See Natalia González Martin’s work at Run With The Wolves (Lawrie Shabibi, Dubai – till 1 March 2022), Tree and Leaf (Hannah Barry Gallery, London – till 22 January 2022), And What Does Pleasure Accomplish? (Steve Turner, Los Angeles – 14 February 2022 till 23 March 2022). Follow @natalia.gonzalez.martin. Visit www.nataliagonzalezmartin.uk.
ANNA CHOUTOVA
Founder of Bad Art Collective, curator and painter Anna Choutova monumentalises jars of preserved snack food and gigantic hot dogs through large-scale, high-gloss paintings. The works are ingulfing, yet the food is mostly rendered within its packaging creating a sense that it is to be observed rather than consumed. For Choutova, “food is an infinitely interesting vessel to use within art” and she explores it as an “object of desire – to be admired from afar and not as a source of nourishment.” She has a self-proclaimed complicated personal relationship with food and acknowledges that for herself and others, it can be a “daily challenge and source of anxiety”. Her works are presented as an exploration of this fraught territory, she comments, “I create these luscious oil paintings of food, to hang on white-gallery walls, as a way of elevating this basic human resource into an iconic, untouchable arena.” Choutova’s works manifest the distance and discomfort many endure in relation to food when suffering with disordered eating.
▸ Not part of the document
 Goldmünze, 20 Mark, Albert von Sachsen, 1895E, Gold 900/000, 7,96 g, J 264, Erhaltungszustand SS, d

She links this to women’s experience and the media, “women have also felt the weight of a beauty ideal thrust upon them throughout history, a constantly changing one which becomes truly impossible to navigate.” She allows the viewer to experience the sensation of seeing a food as an object rather than as sustenance, and, by extension, draws our attention to complex beauty standards within society that may precipitate struggles around eating.
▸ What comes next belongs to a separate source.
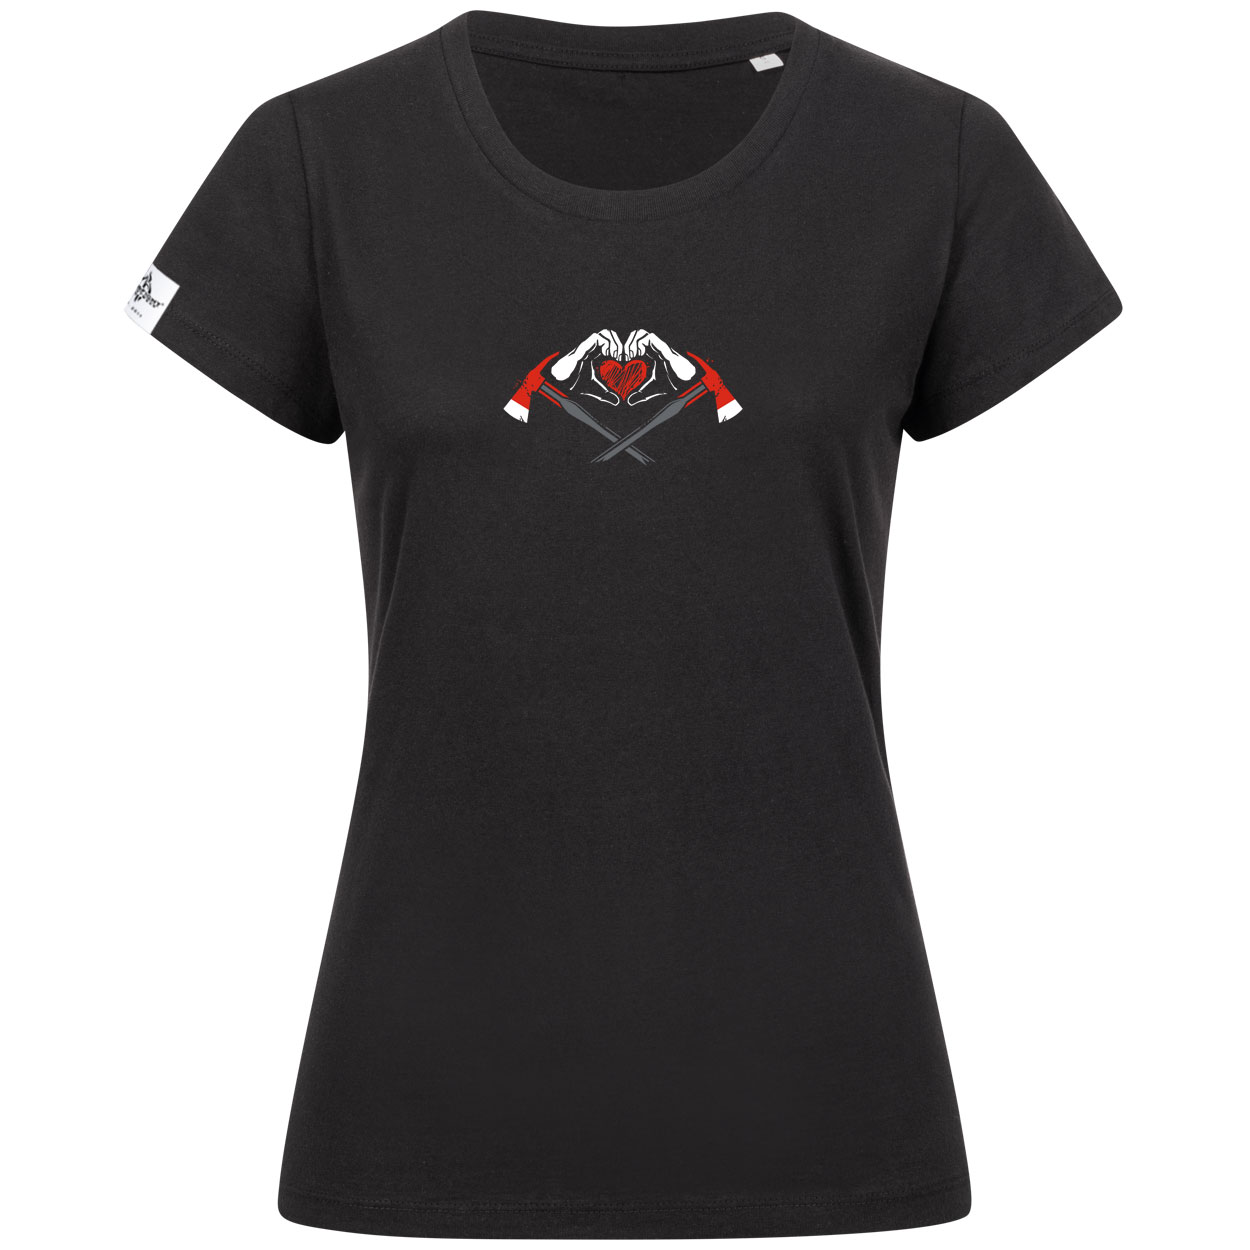 Deine Feuerwehrliebe Frauen T-Shirt

See Anna Choutova’s work at New Contemporaries (South London Gallery, London – 10 December 2021 till 20 February 2022), and Bad Art Presents Hot Air (Pipe Factory, Glasgow – 8 September 2022 till 11 September 2022). Follow @annachoutova1. Visit www.annachoutova.com.
PHOEBE BODDY
Painter Phoebe Boddy creates canvases inspired by the experience of eating – using colour, humour and a deliberately naive style to celebrate the food we consume. She is interested in flavour and the sensorial rather than the political, she says, “food and flavour are my greatest influences” and is aiming to explore “the relationship people have to food and how common it is for them to attach memories to certain dishes or flavours”. Her newest series expressly explores the legacies of artists such as Sarah Lucas, Cindy Sherman and Linda Nochlin, which she feels might allow her to uncover a new dimension to her work. She comments, “My most recent work Eggy Bread is inspired by Sarah Lucas, I am very drawn to the way she uses humour to underline the sexism present in everyday life. Perhaps as I continue to explore this, I will realise feminism is a more prominent theme in my work than I originally anticipated.”